Splitting your rig into a local deformation layer

Here's a quick solution to a problem that rears it's head when you try moving an object that's deforming really far from origin and the vertices start to jitter. There's a great discussion ongoing regarding this on CGtalk (http://forums.cgsociety.org/showthread.php?f=7&t=1305633)

This is caused due to the vertex transformations being stored as floats, so when you start moving really far from origin (since the mesh transform stays at origin and your deformers are moving the vertices) you start running into floating point precision errors.

The Problem


Autodesk has a solution, which is to basically allow your mesh to move with the root, that way the vertex transformations aren't being calculated from massive distances. This will cause double transformations of course, so you'll need to negate the roots transforms from the skincluster (http://knowledge.autodesk.com/support/maya/troubleshooting/caas/sfdcarticles/sfdcarticles/SkinCluster-deformations-at-large-distances-from-origin.html).
Which is great, though you potentially have to negate a lot of influences (and this problem occurs for other deformers from what I've seen).

One quick solution is to split your deformations into a separate layer from your control hierarchy. It's not a new technique, it's quite a common technique to fix this problem in my experience and there have been DVD's explaining it in the past (I can't for the life of me remember which one, but it dated back to the mid 2000s I think).

So, how does this work? Basically you need to create another hierarchy which is a duplicate of the control/deformation hierarchy.

Splitting the hierarchy into two layers

Your control hierarchy will have direct connections back into the deformation layer for each influence.

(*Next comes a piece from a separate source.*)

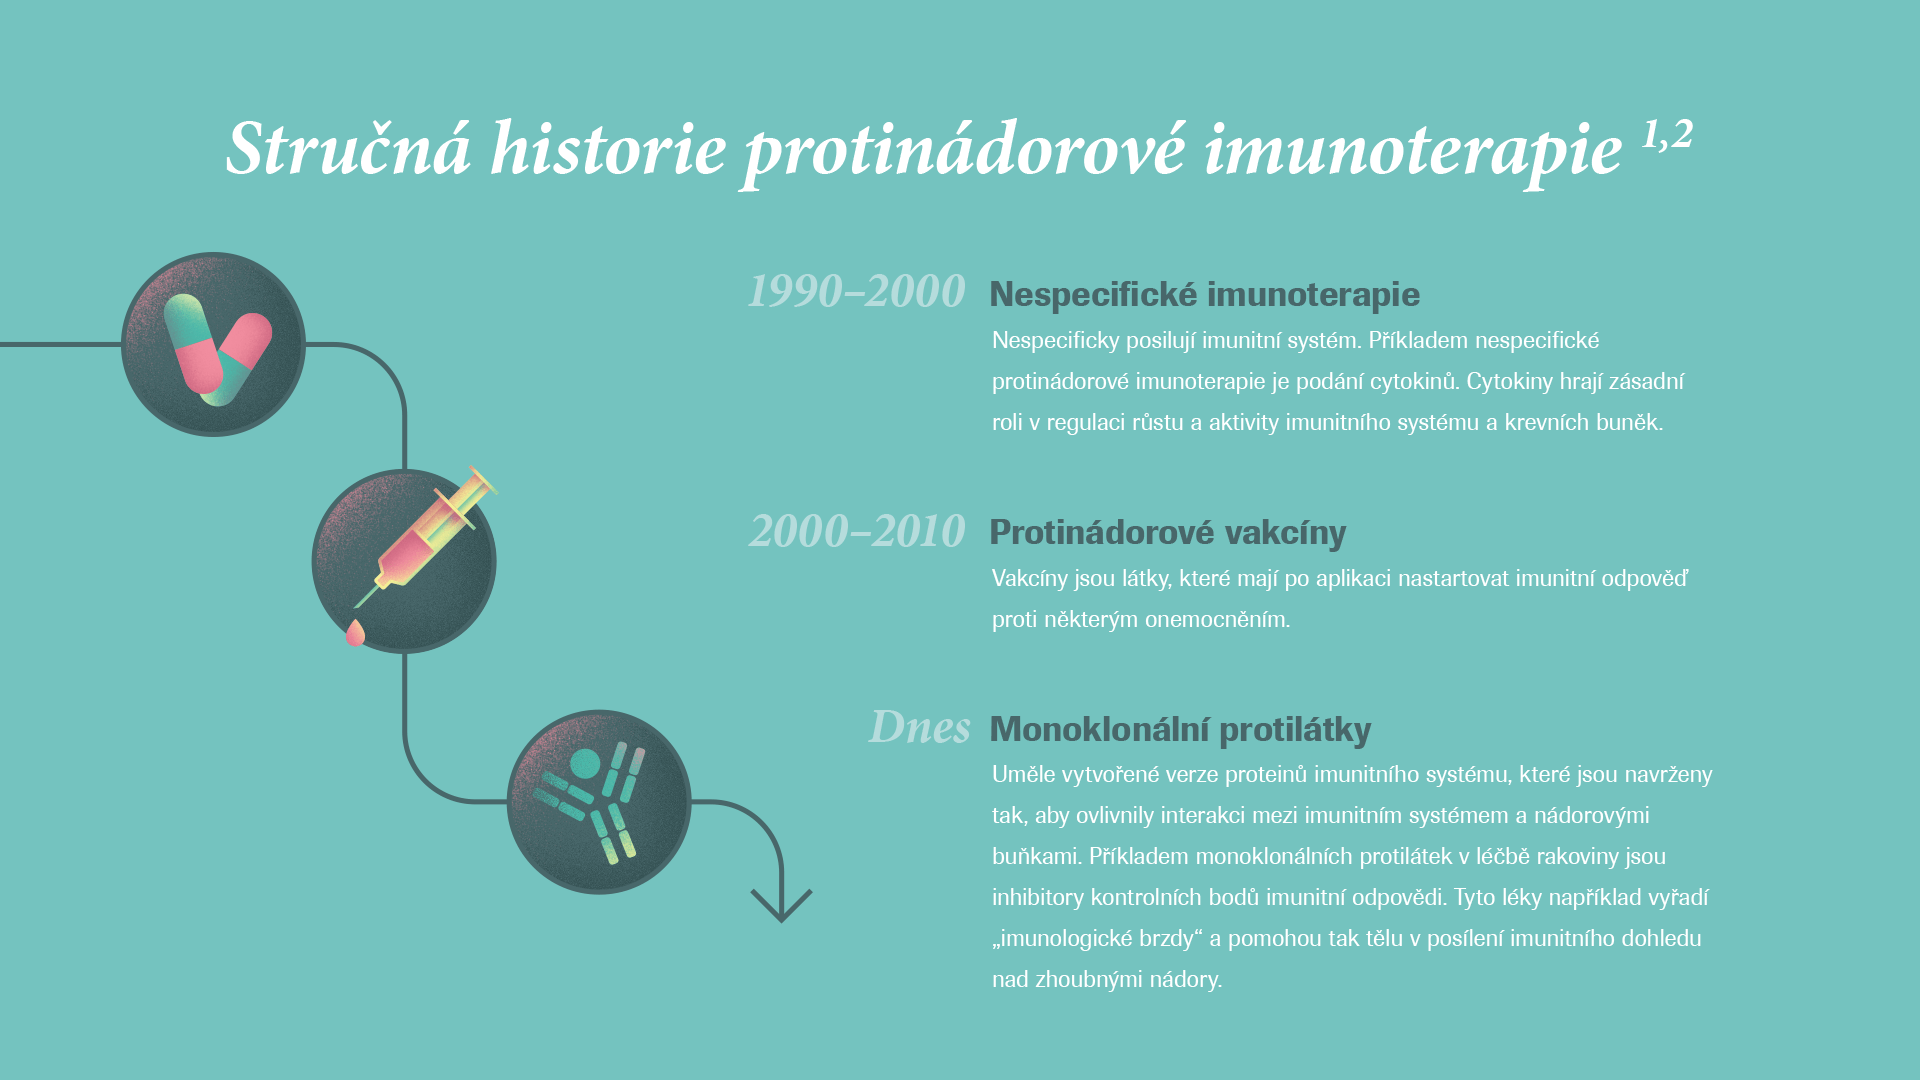 Stručná historie imunoterapie

The only difference is your root won't be moving, this will ensure all your deformations aren't moving very far from origin.

Control hierarchy connecting into deformation layer

Now, you have the geometry deforming at origin, great! Now what? Well, your render geometry (the geometry that will finally be rendered and moving with the root) should be parent under your root and inheriting transforms. To inherit the local deformations from deformation layer, you can either connect your shape nodes directly or you can do a blendshape (set to local space).

Deformations to the render layer
Perfect, now you have all your deformations on origin and you're able to move the control root as far as you'd like without any jittering.

Moved a billion units from origin.
That's pretty much it, it's a pretty simple solution, but it works well. Of course, there are some cases where this won't work well, like games, since the geometry can't be split into layers for a game rig. As well as some simulations that need to be performing while the character is moving through world space (though this works quite well for certain simulations that don't need to worry about that)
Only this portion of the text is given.